Stored dataset items:
⟨

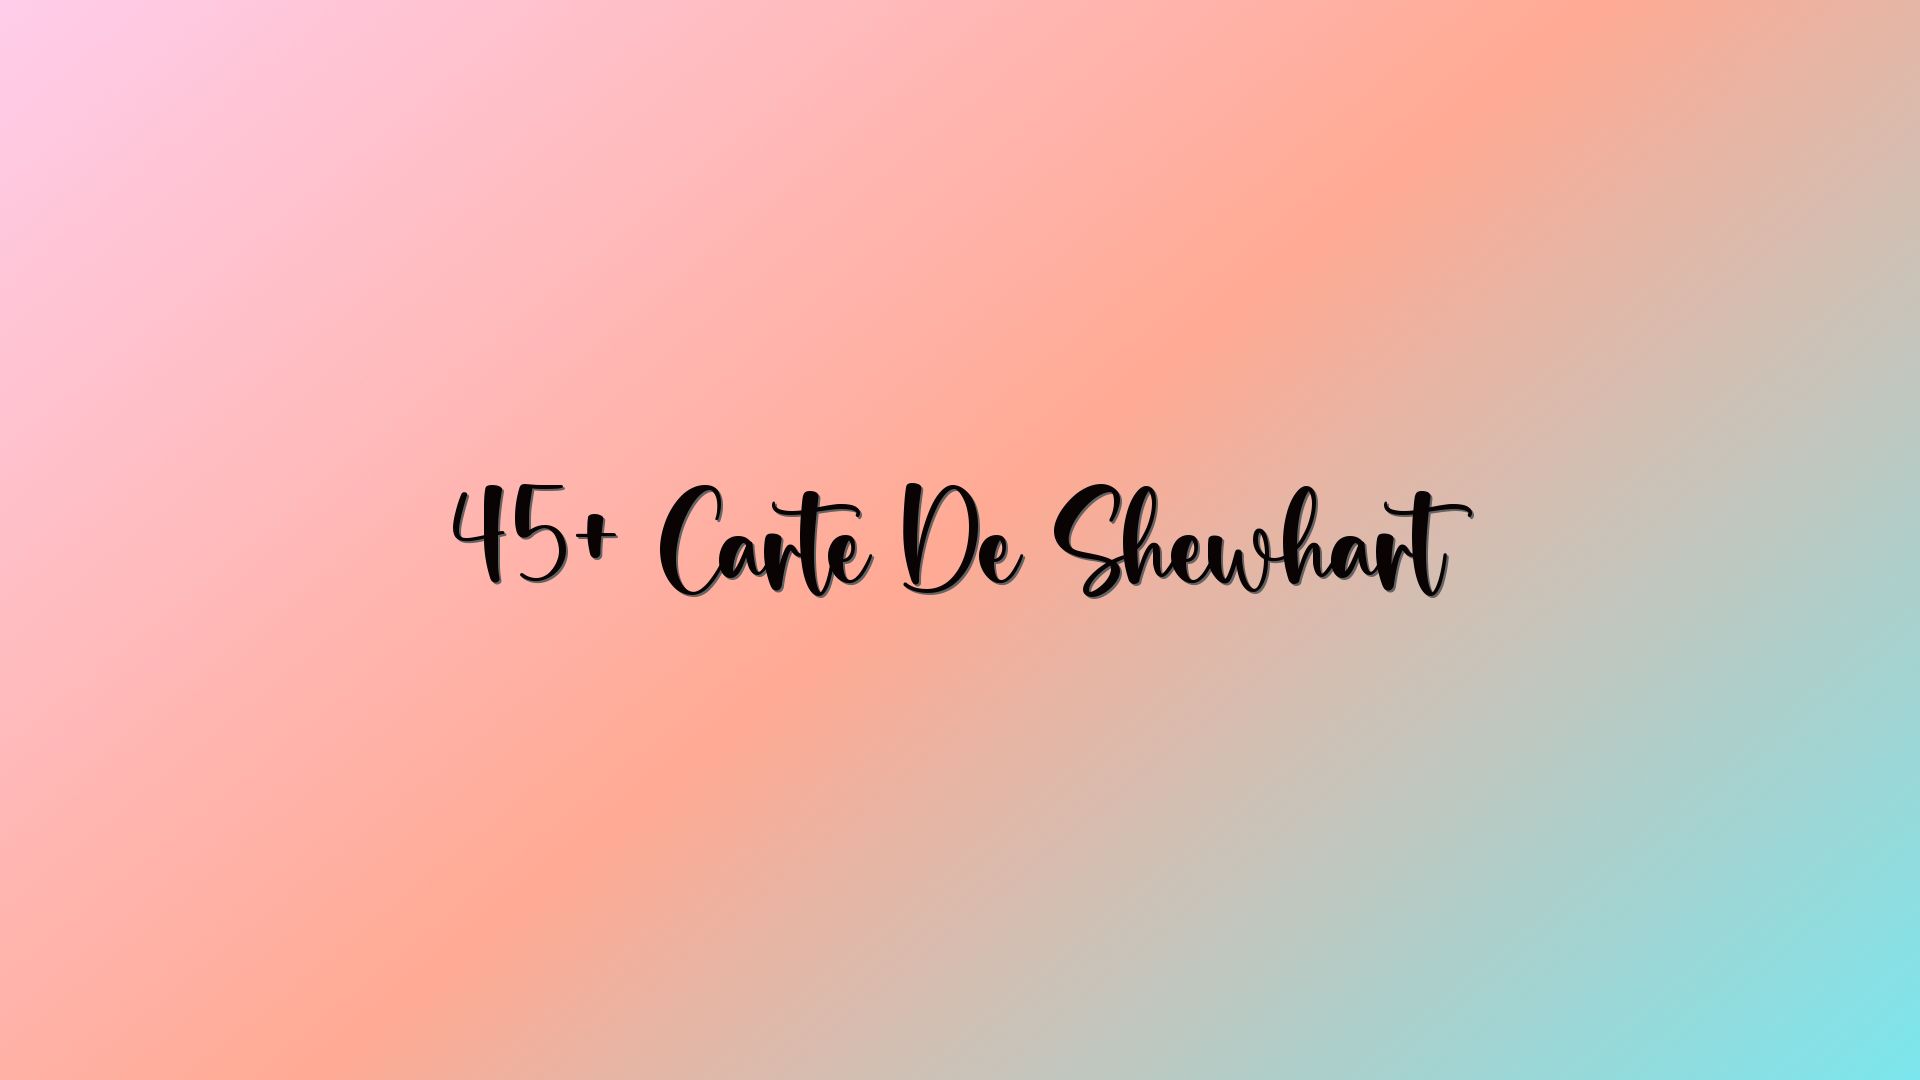 45+ Carte De Shewhart
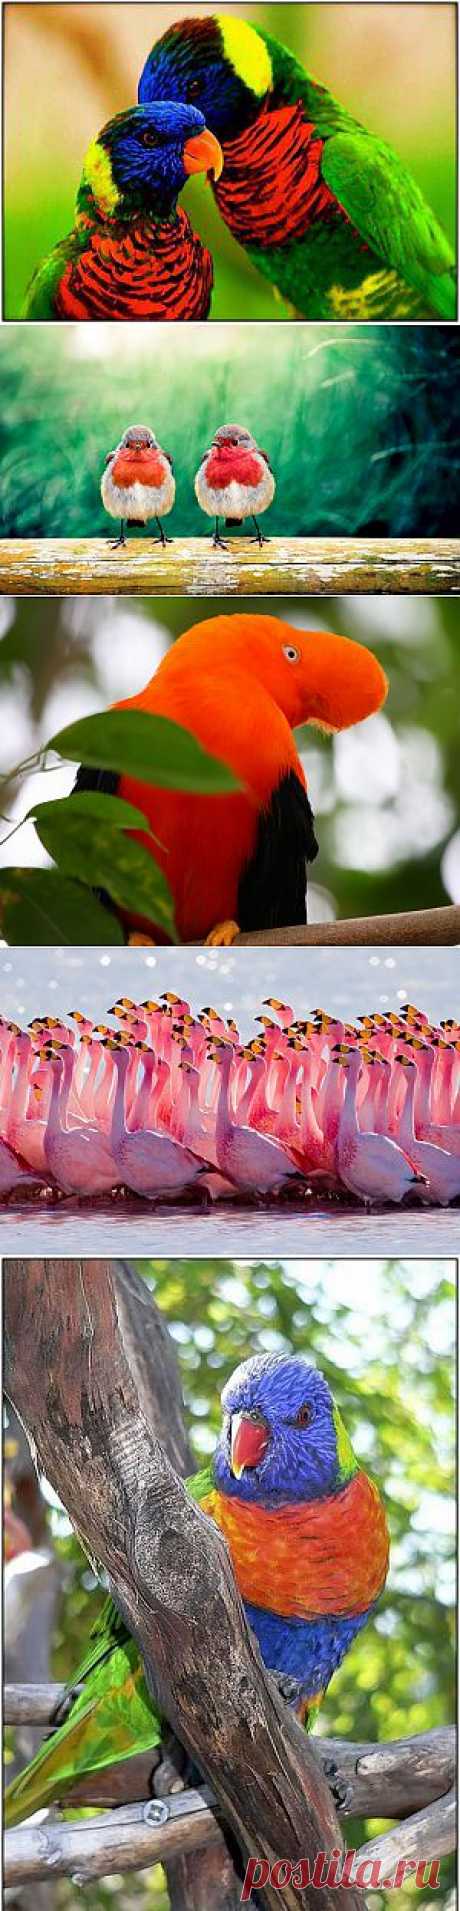 Красочный мир птиц | Мир в цвете: позитивное мышление, истории успеха, радости жизни
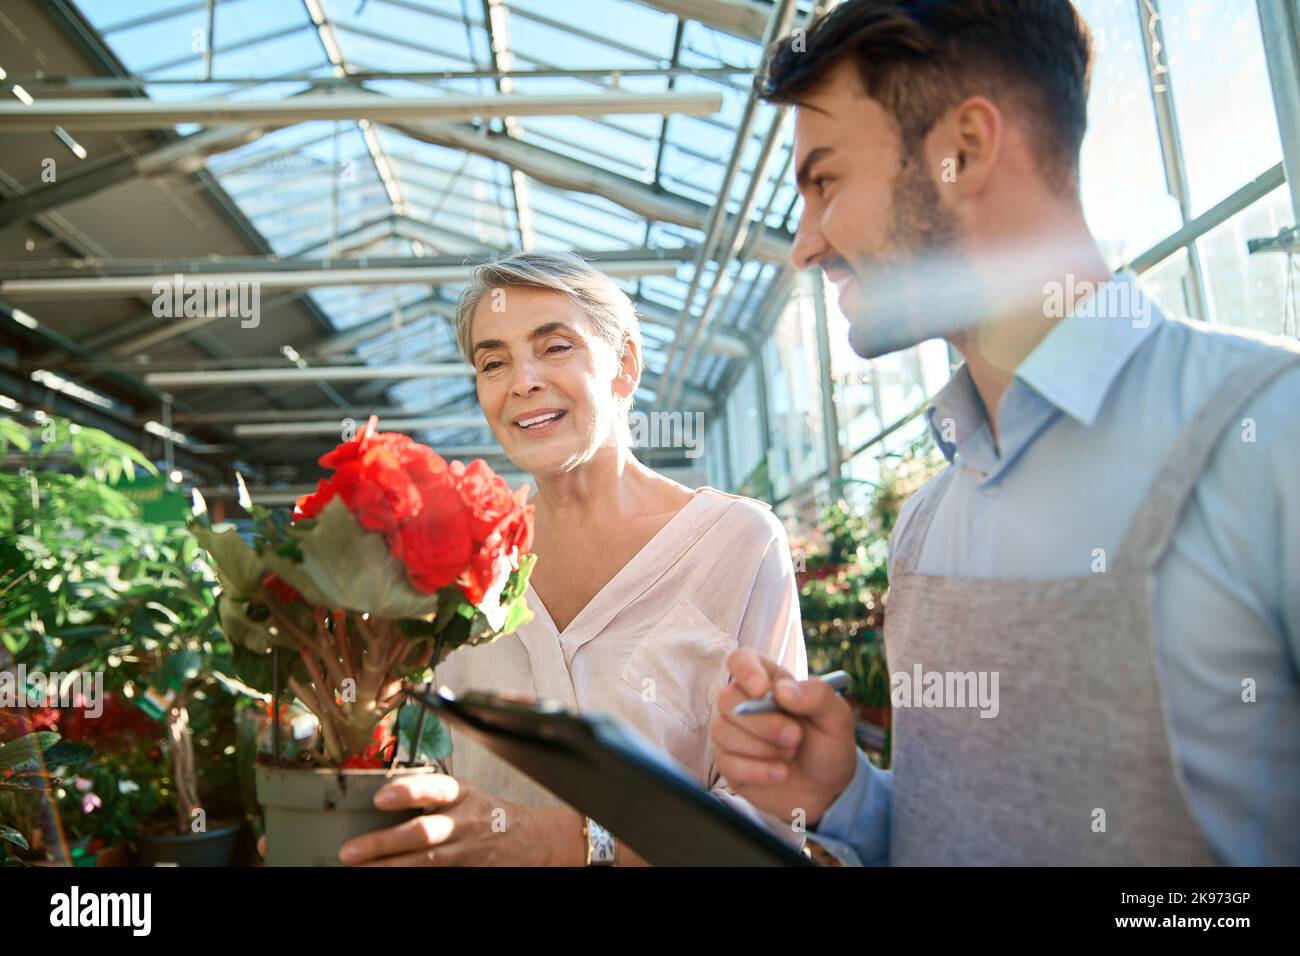 verkäuferin ist Floristin und ein glücklicher Käufer mit einer Pflanze in den Händen. Stockfoto
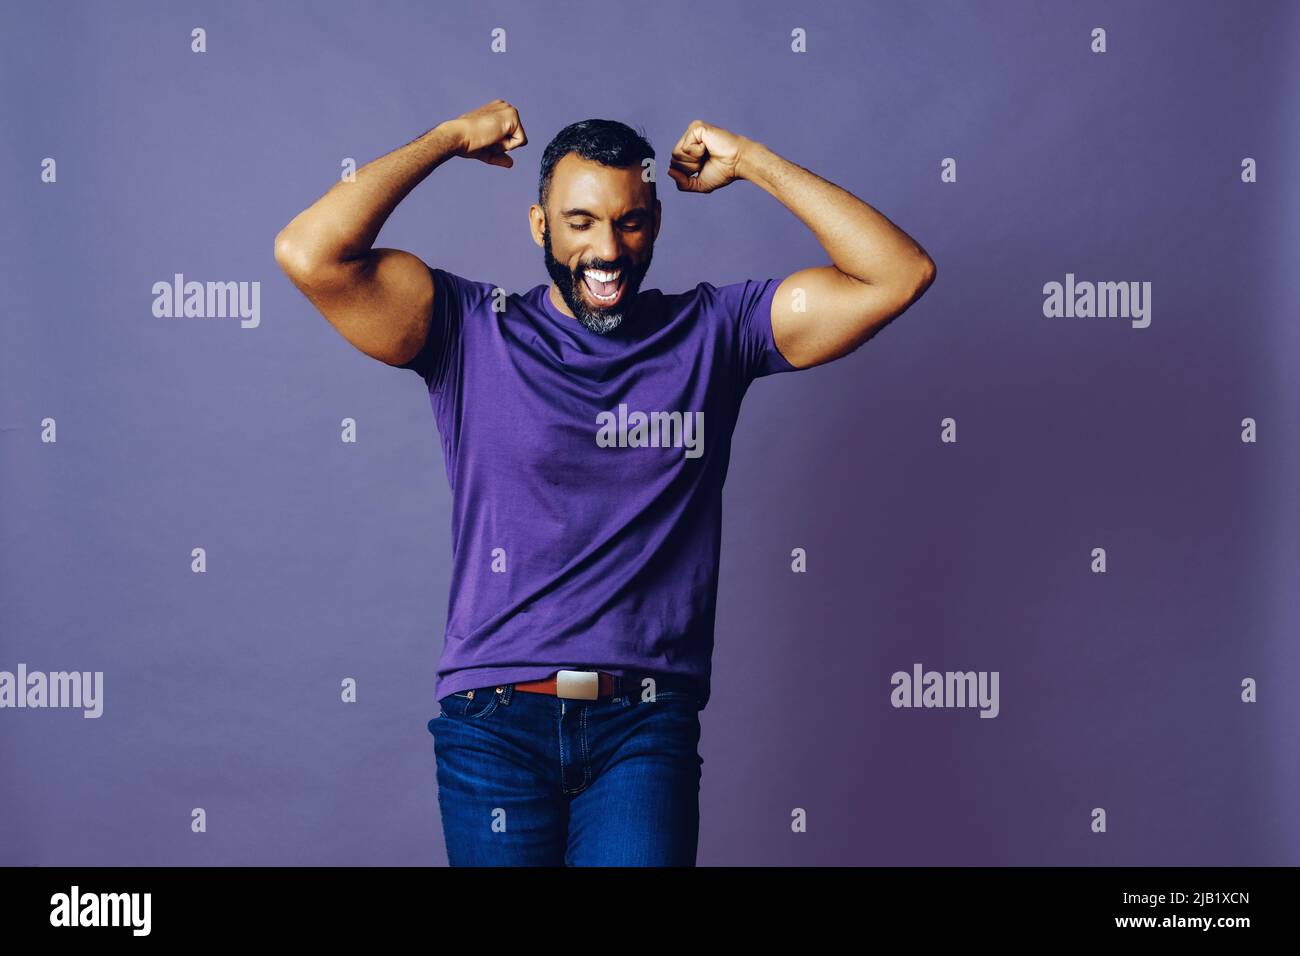 portrait d'un homme gagnant réussi avec une barbe et un t-shirt violet célébrant avec bras vers le haut sur un fond violet studio Banque D'Images
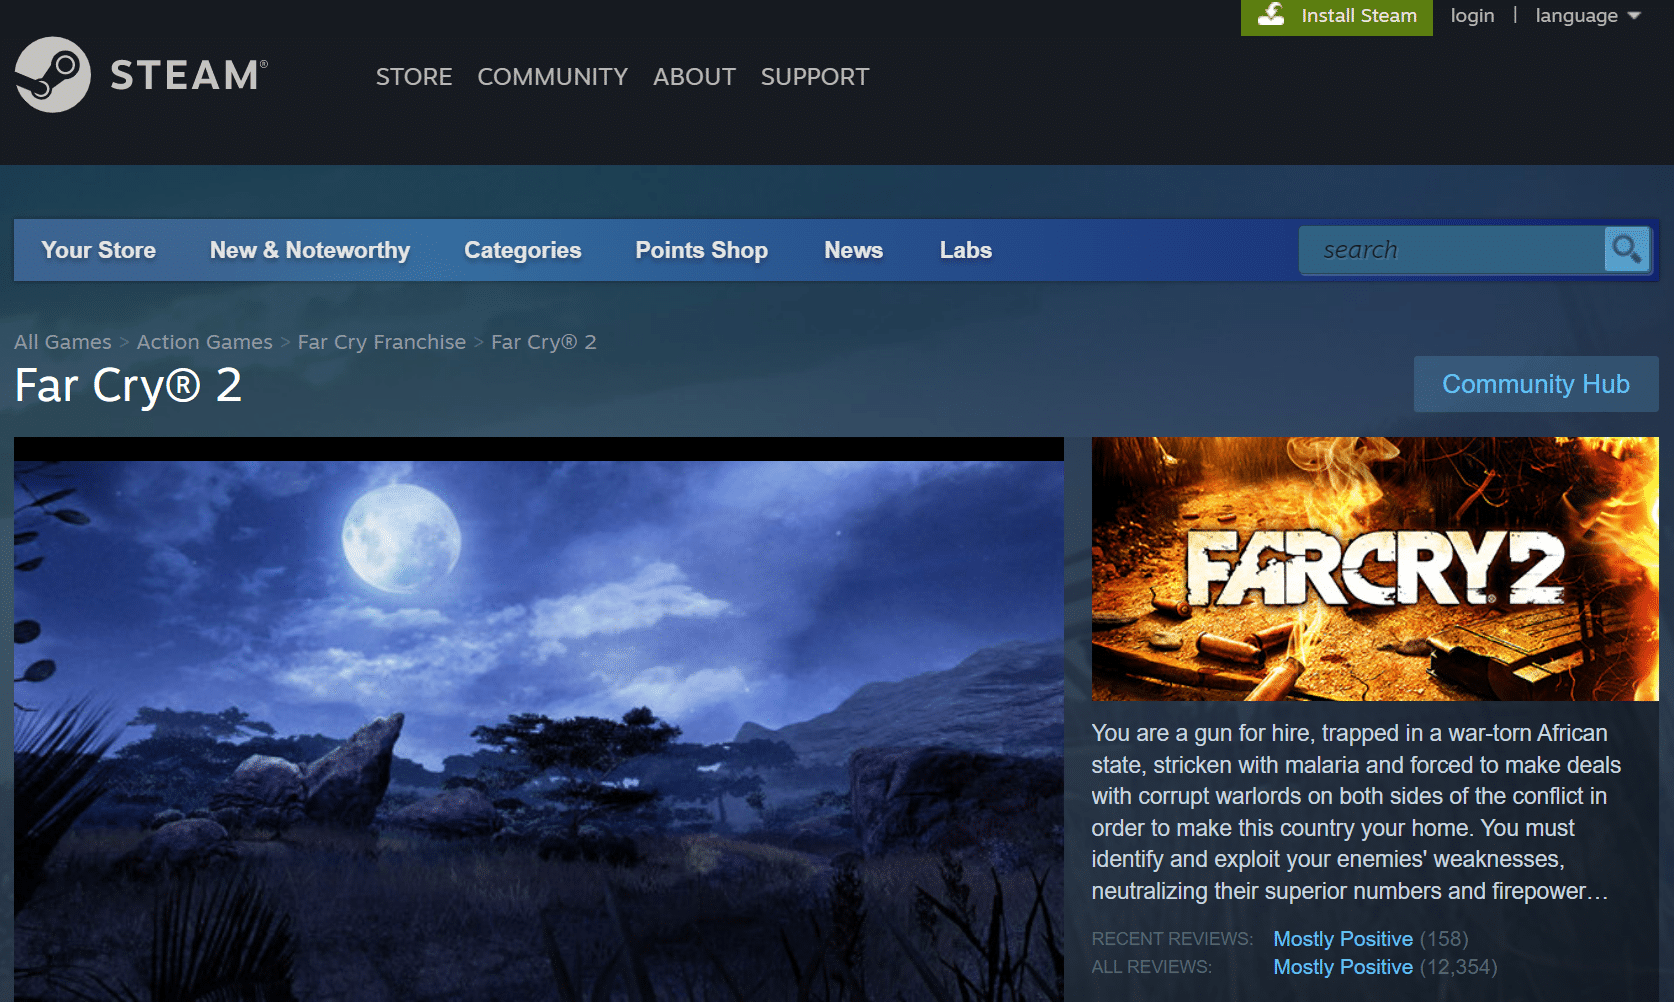 Far Cry 2. ローエンド PC 向けの 36 のベスト オープン ワールド ゲーム

⟩

What the task asks: Return the preceding entries verbatim, with the pictures excluded.

Output of the task:
 45+ Carte De Shewhart
 Красочный мир птиц | Мир в цвете: позитивное мышление, истории успеха, радости жизни
 verkäuferin ist Floristin und ein glücklicher Käufer mit einer Pflanze in den Händen. Stockfoto
 portrait d'un homme gagnant réussi avec une barbe et un t-shirt violet célébrant avec bras vers le haut sur un fond violet studio Banque D'Images
 Far Cry 2. ローエンド PC 向けの 36 のベスト オープン ワールド ゲーム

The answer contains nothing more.